We live in a “but first” society. Everyday I think about different items on the to-do list and think to myself: but first I will do this or that. My urgent request is that we stop saying “but first” and actually get to the doing part.
I have grown up around broken families my entire life and have seen daughter after daughter abandoned, beaten, yelled at, forgotten, unacknowledged, and essentially unloved. Each one of these women grow up with some resentment towards their father for this hurt; they carry it around everyday and everywhere. Some realize it and others believe it doesn’t affect them in the slightest but the truth is it affects all of us.
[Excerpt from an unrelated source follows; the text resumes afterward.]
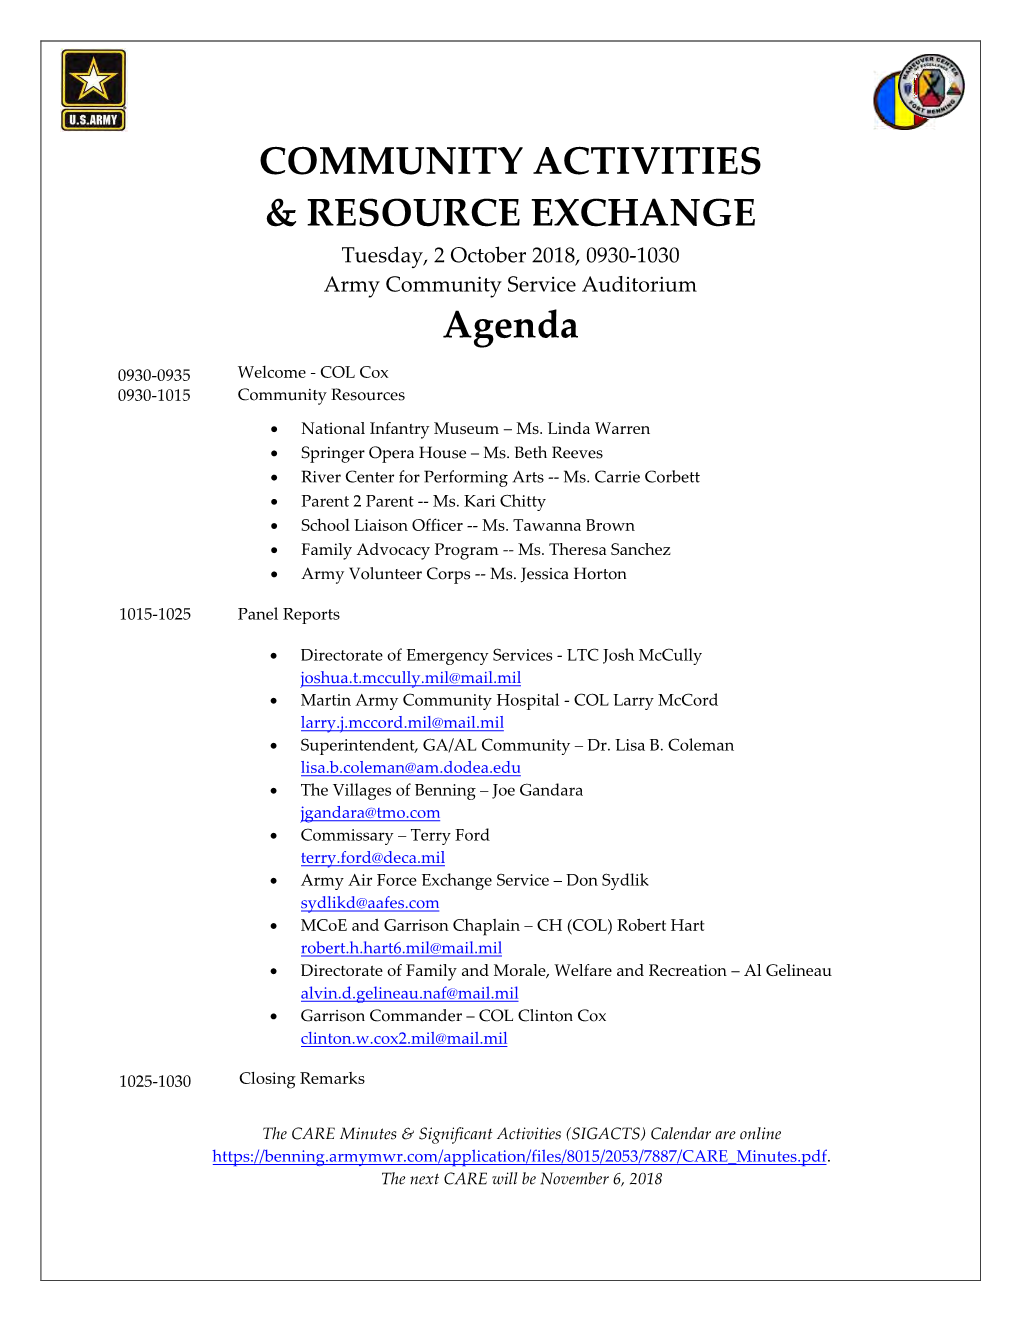 COMMUNITY ACTIVITIES & RESOURCE EXCHANGE Agenda

My father bailed on the family my freshman year of college; he literally disappeared. I did not know where he lived, what exactly he did, or who he was. I think I spoke with the guy maybe twice a year for the following two or three years before he started reaching out to me again. During those years bitterness grew. I was pissed. Who does this guy think he is?! I knew my dad had been hurt but that didn’t mean he had to disappear. My relationship with my dad improved over time but hit a wall every time resentment’s ugly head popped up and I remembered he abandoned me. This resentment echoed across other aspects of my life as well and it never sat easy. I would get to the point where I had to deal with the issue but would always say to myself: “I will forgive him but first he needs to apologize” or “I will let this go but first I want to talk to him face to face.”
“But first” will always be there. I got to the point that I stopped saying but first and just starting trying to actually forgive him. It was a slow and gradual process but once I finally freed my hand from the grasp of resentment brokenness started becoming peace.
Stop saying “but first” in your life. I know resentment may follow you everywhere or even hide in the deepest corner of your soul but for most of us its a living breathing thing. No matter if your father failed to show up to a basketball game or failed to show up in life all together there is bound to grip of resentment somewhere in your life. Sons and daughters are not bound by the deeds of their fathers but the resentment that resounds in greatest canyons and smallest crevices of their lives.